▶ Problem to work on: Given the records below, the lines starting at the line with "Pokemon Go’s announcement" and ending at the line with "Women's Road to Rock Radio T-Shirt" should be output exactly, both end lines kept and pictures left out.

▶ The data:
● ● ● ●

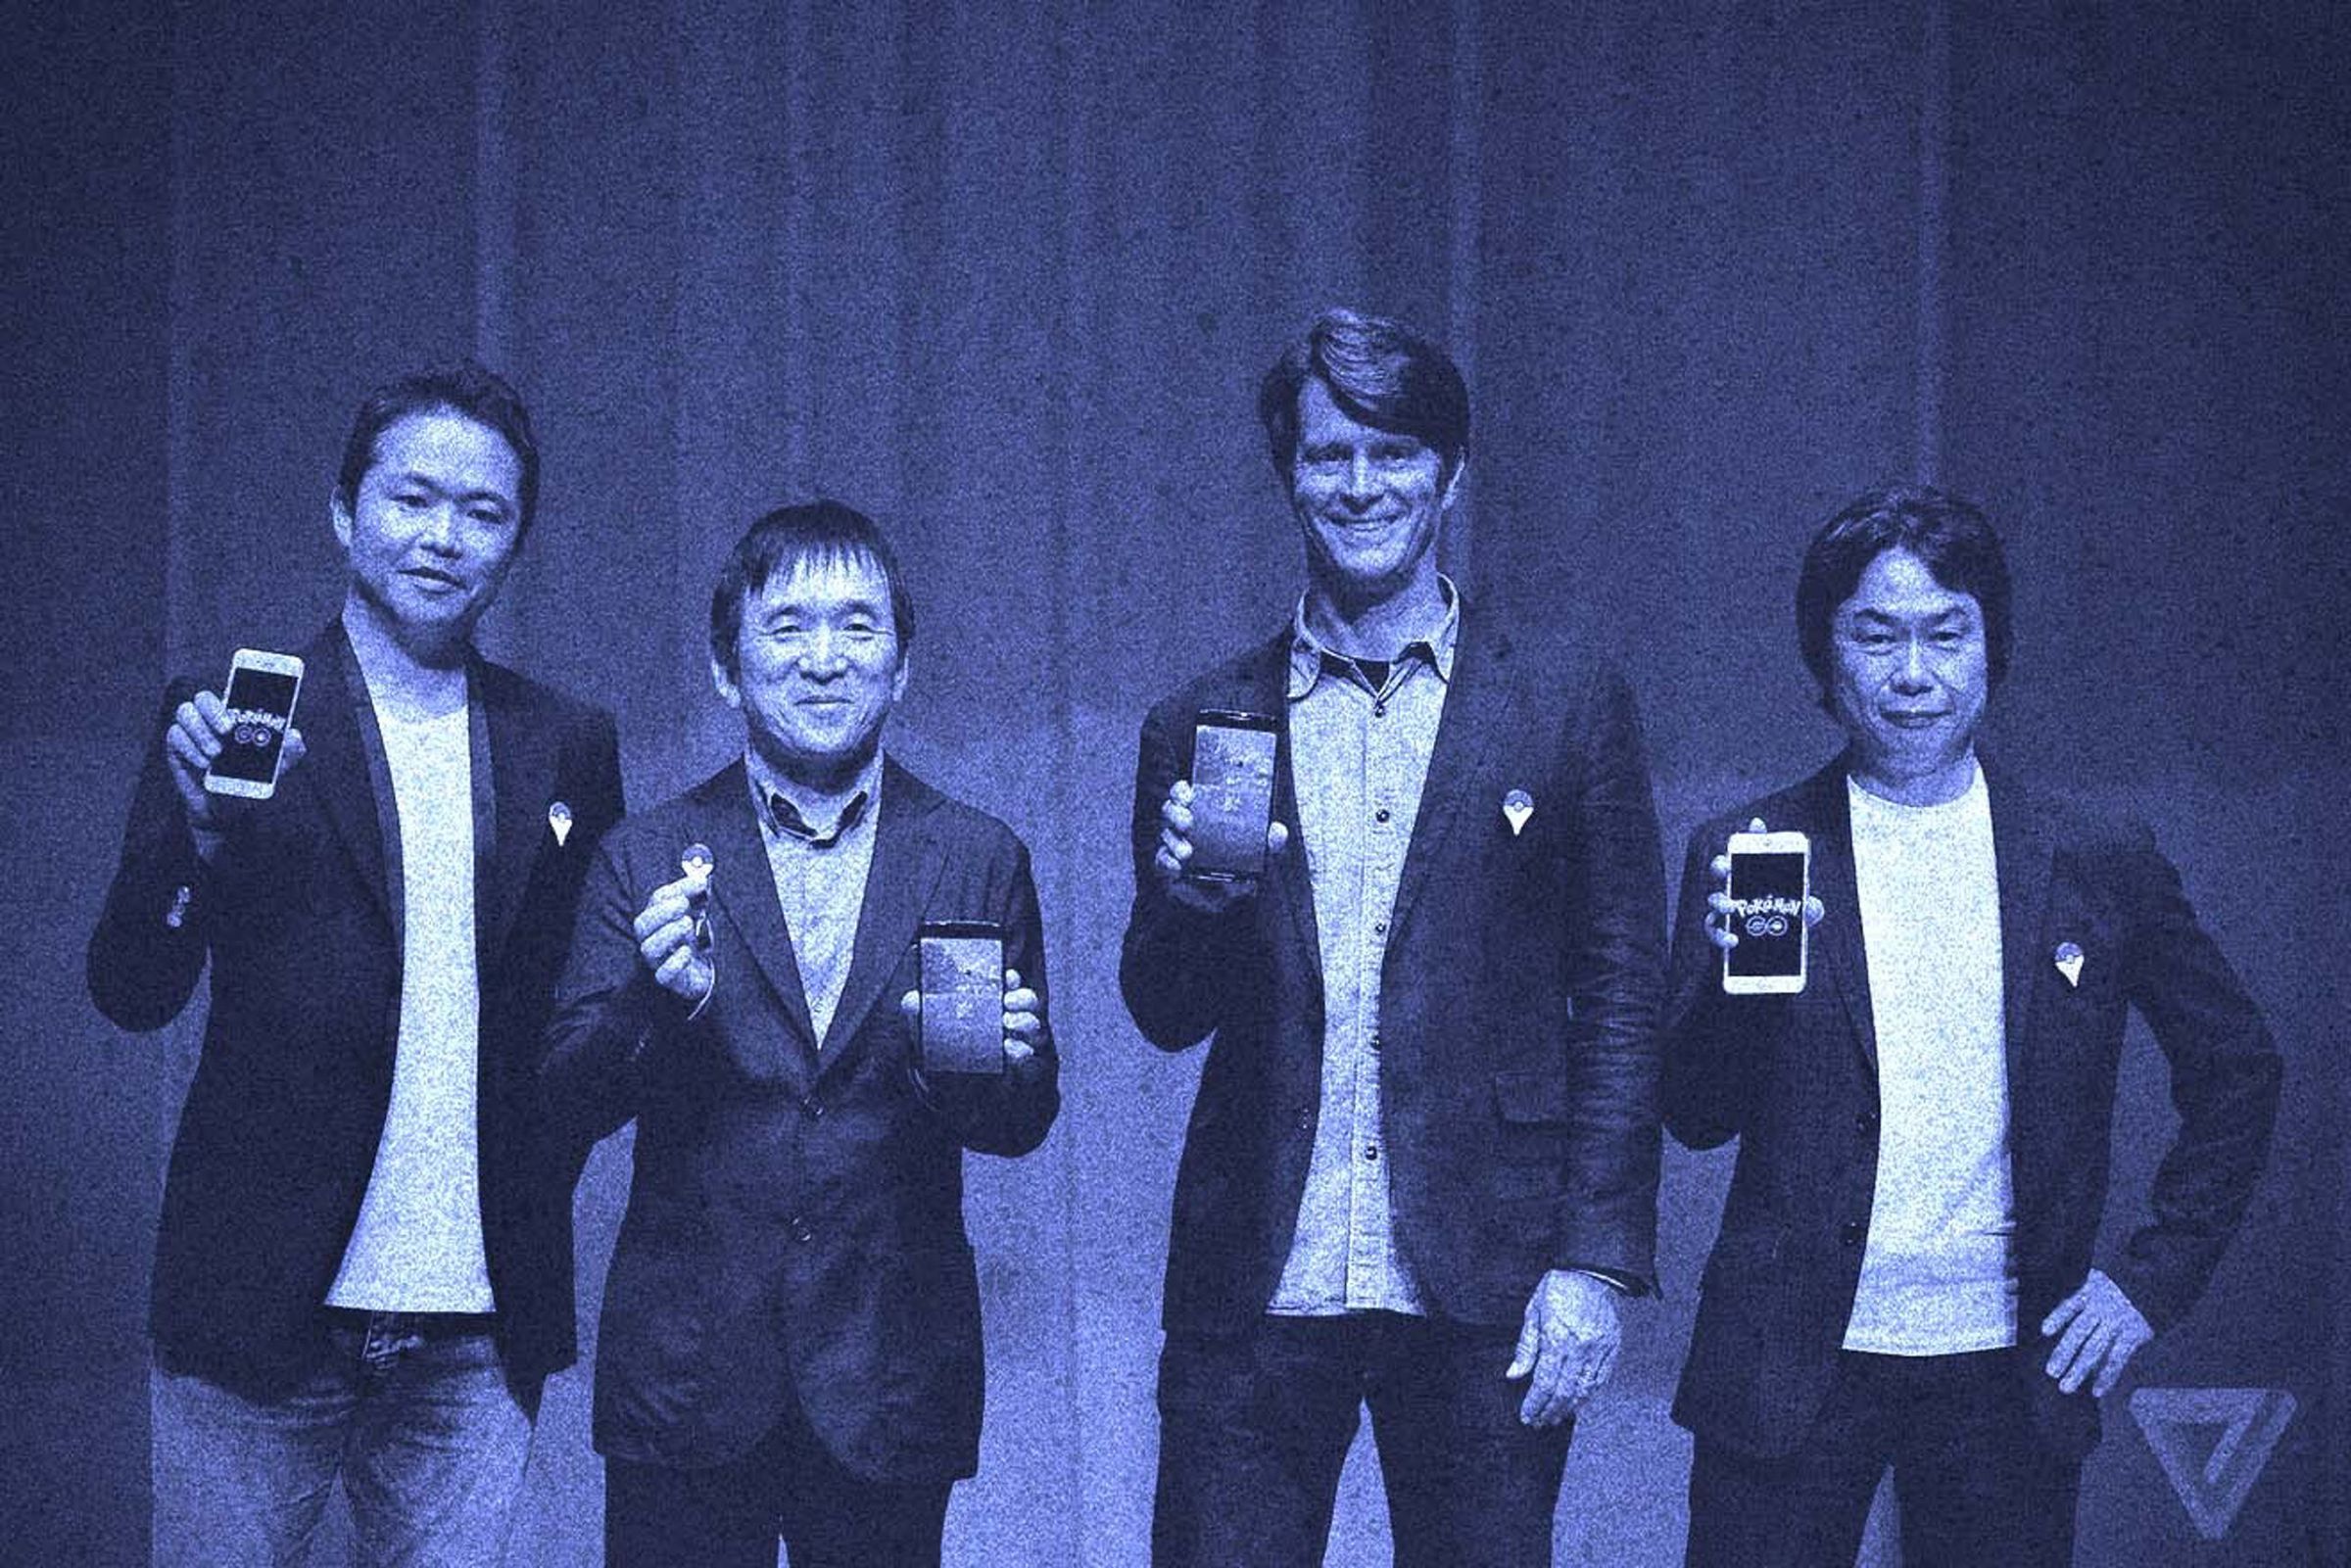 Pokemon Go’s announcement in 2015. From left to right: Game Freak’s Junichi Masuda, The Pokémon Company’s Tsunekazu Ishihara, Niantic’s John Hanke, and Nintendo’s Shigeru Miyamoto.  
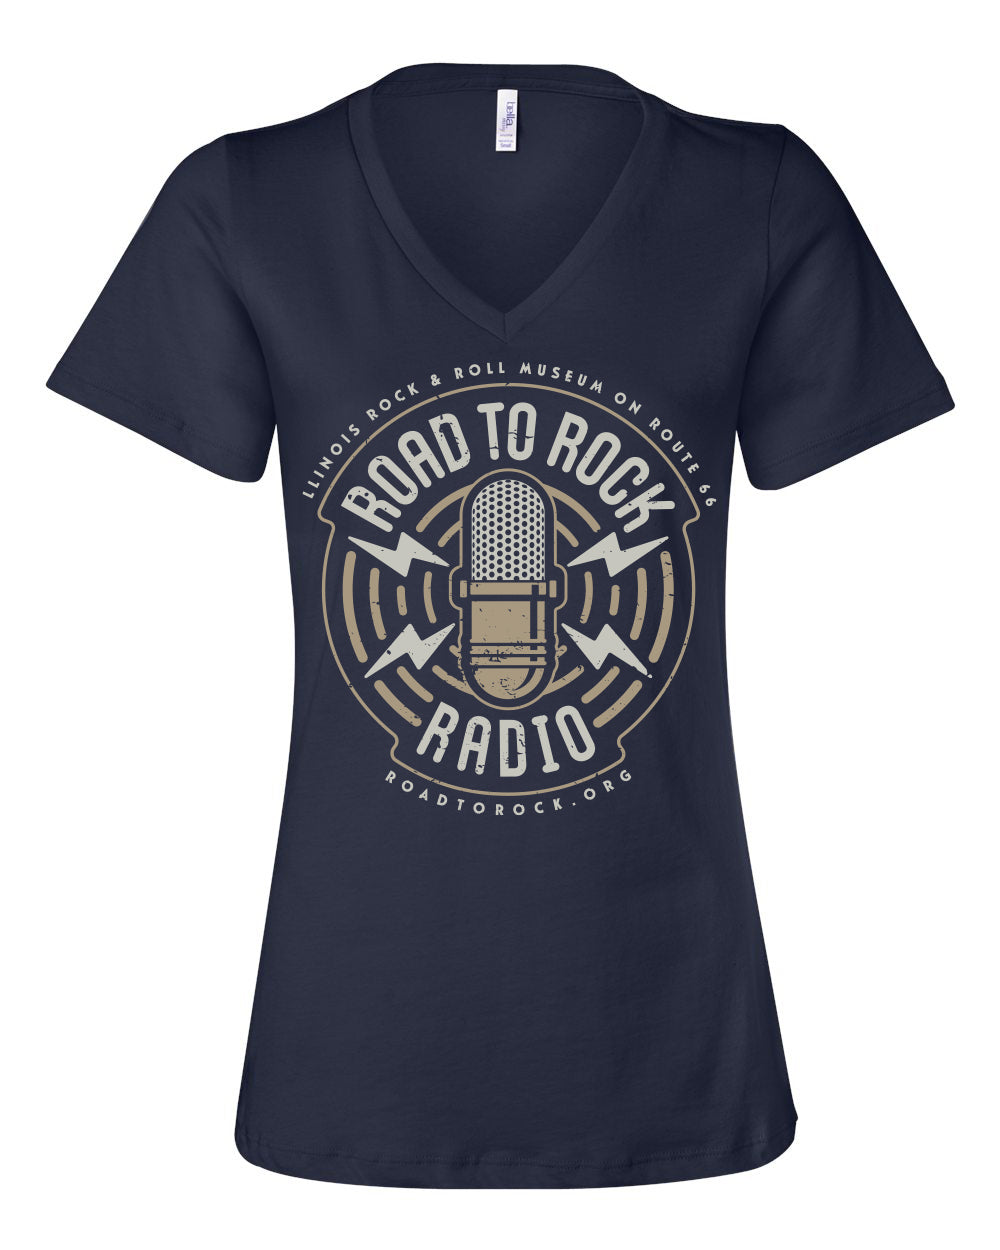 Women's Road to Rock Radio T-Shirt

● ● ● ●

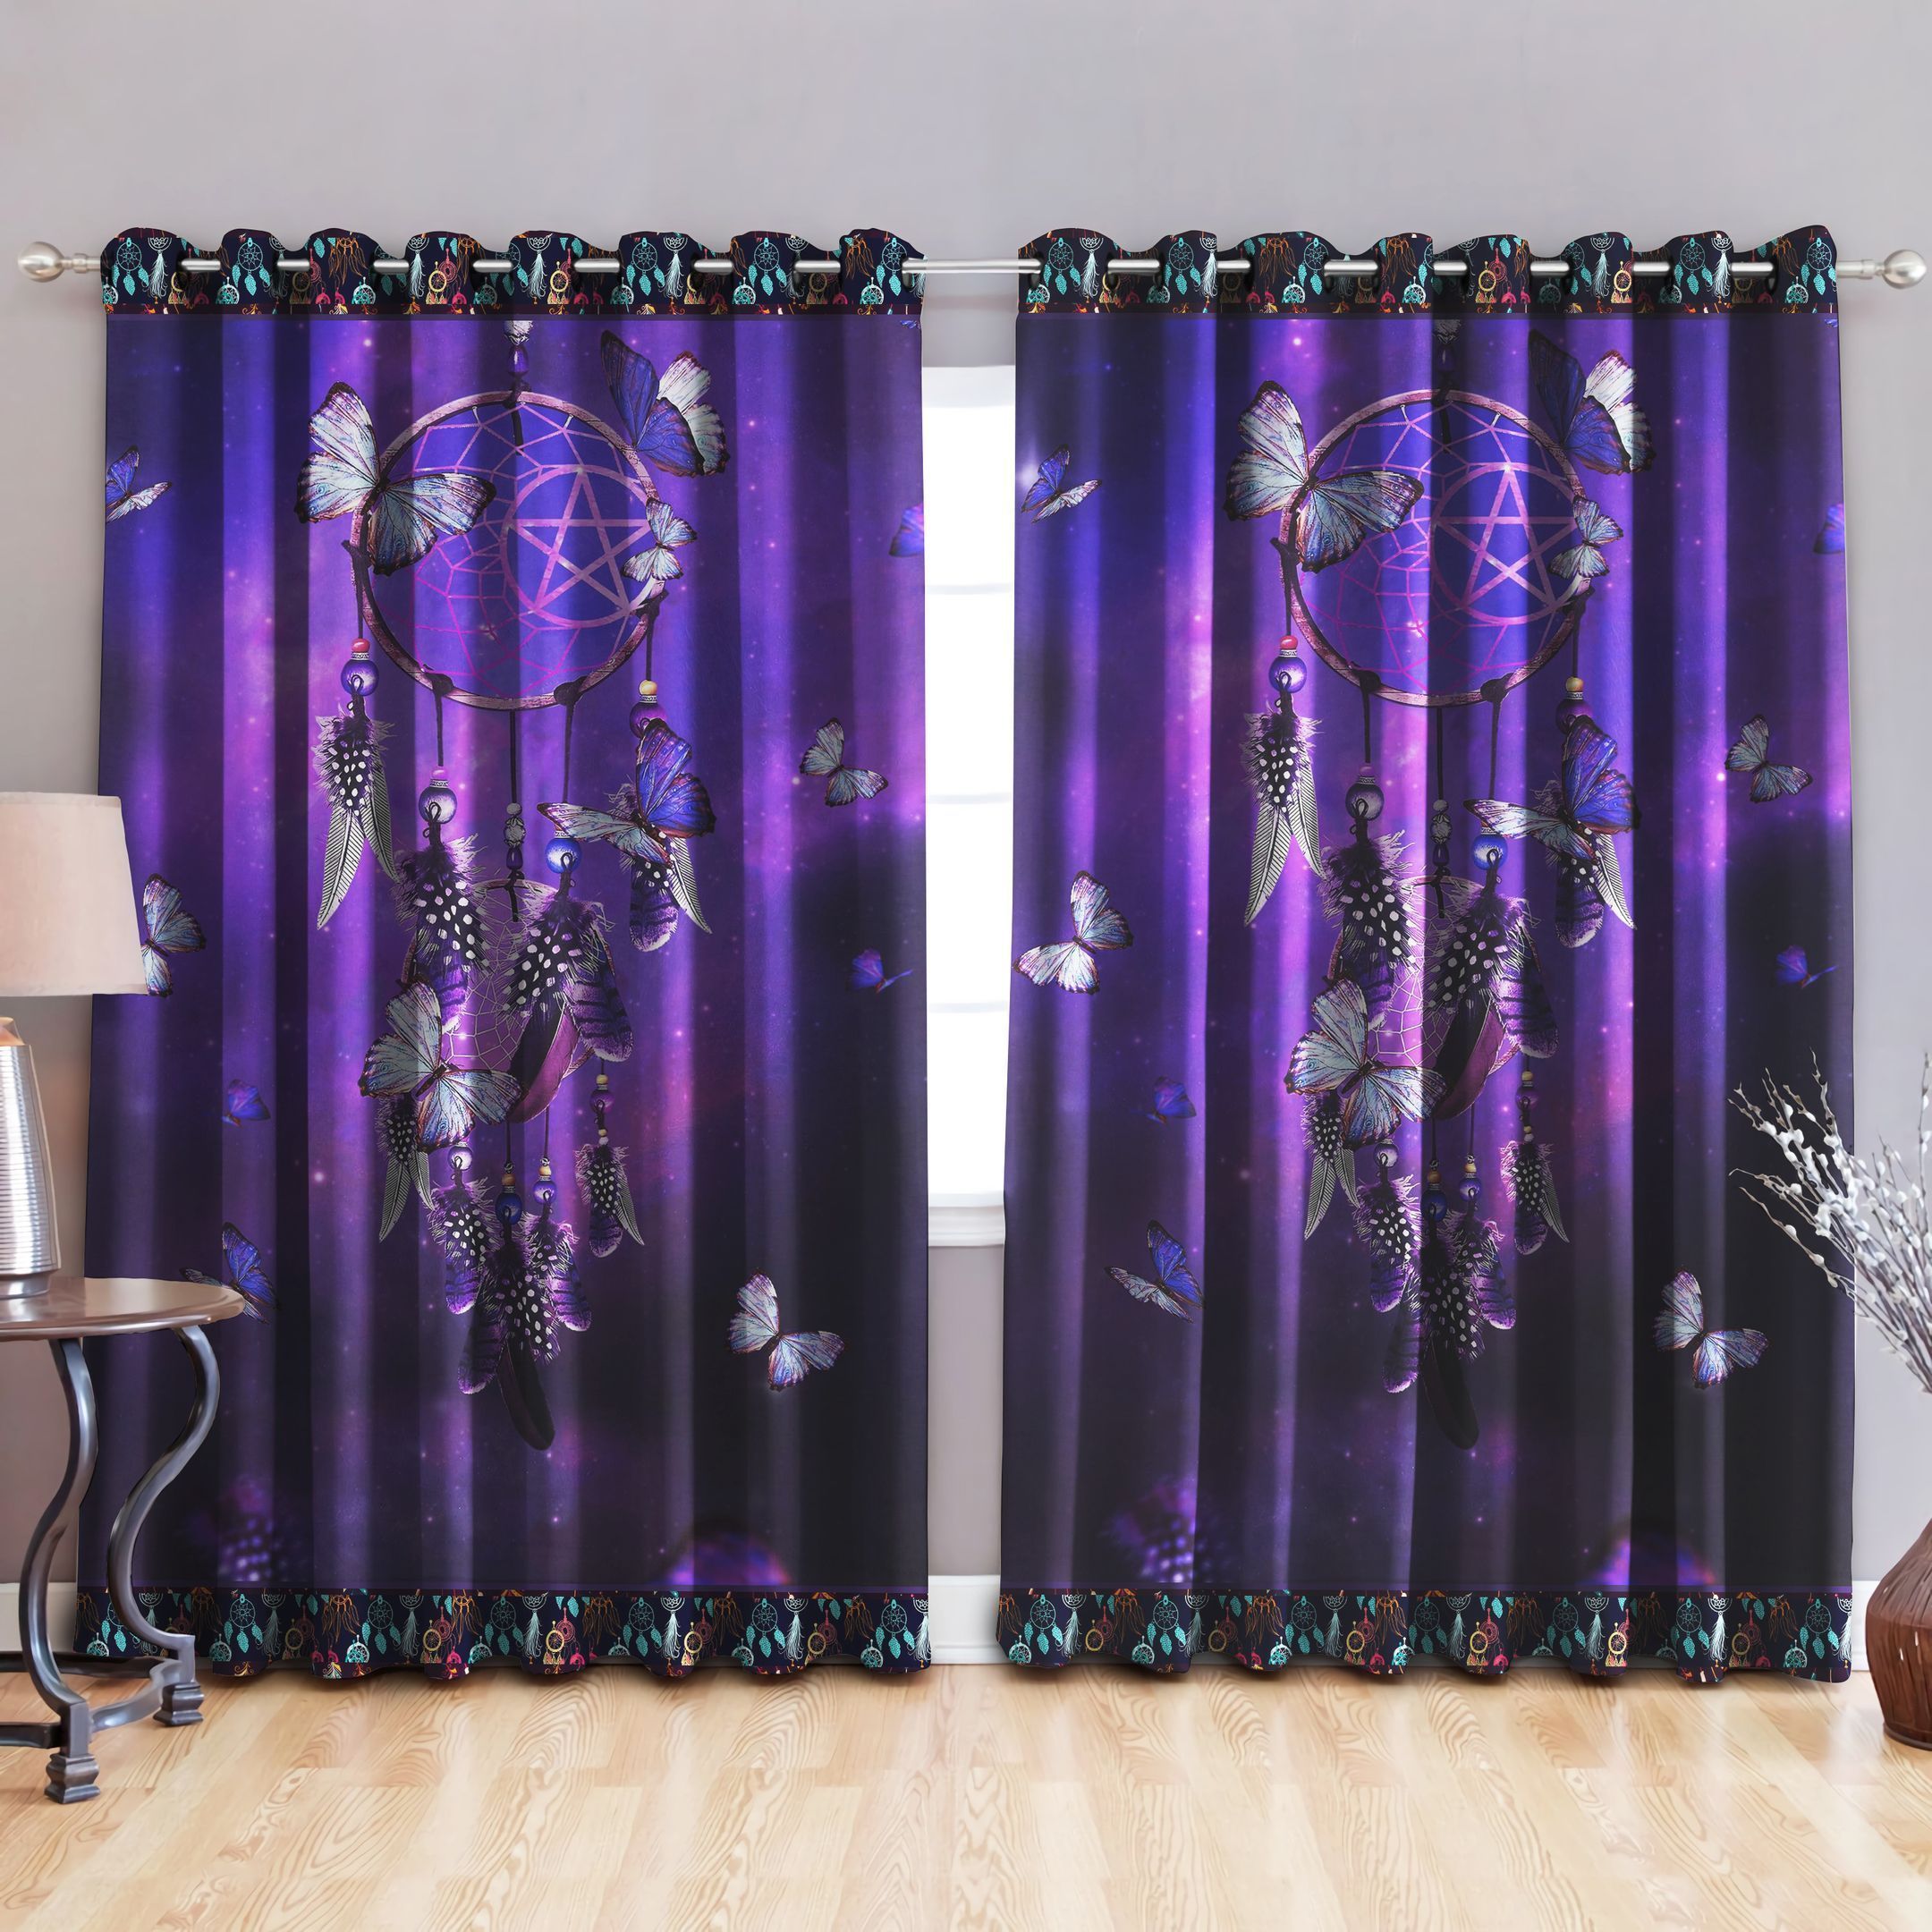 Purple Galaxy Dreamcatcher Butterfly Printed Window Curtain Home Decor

● ● ● ●

▶ Solution:
 Pokemon Go’s announcement in 2015. From left to right: Game Freak’s Junichi Masuda, The Pokémon Company’s Tsunekazu Ishihara, Niantic’s John Hanke, and Nintendo’s Shigeru Miyamoto.  
 Women's Road to Rock Radio T-Shirt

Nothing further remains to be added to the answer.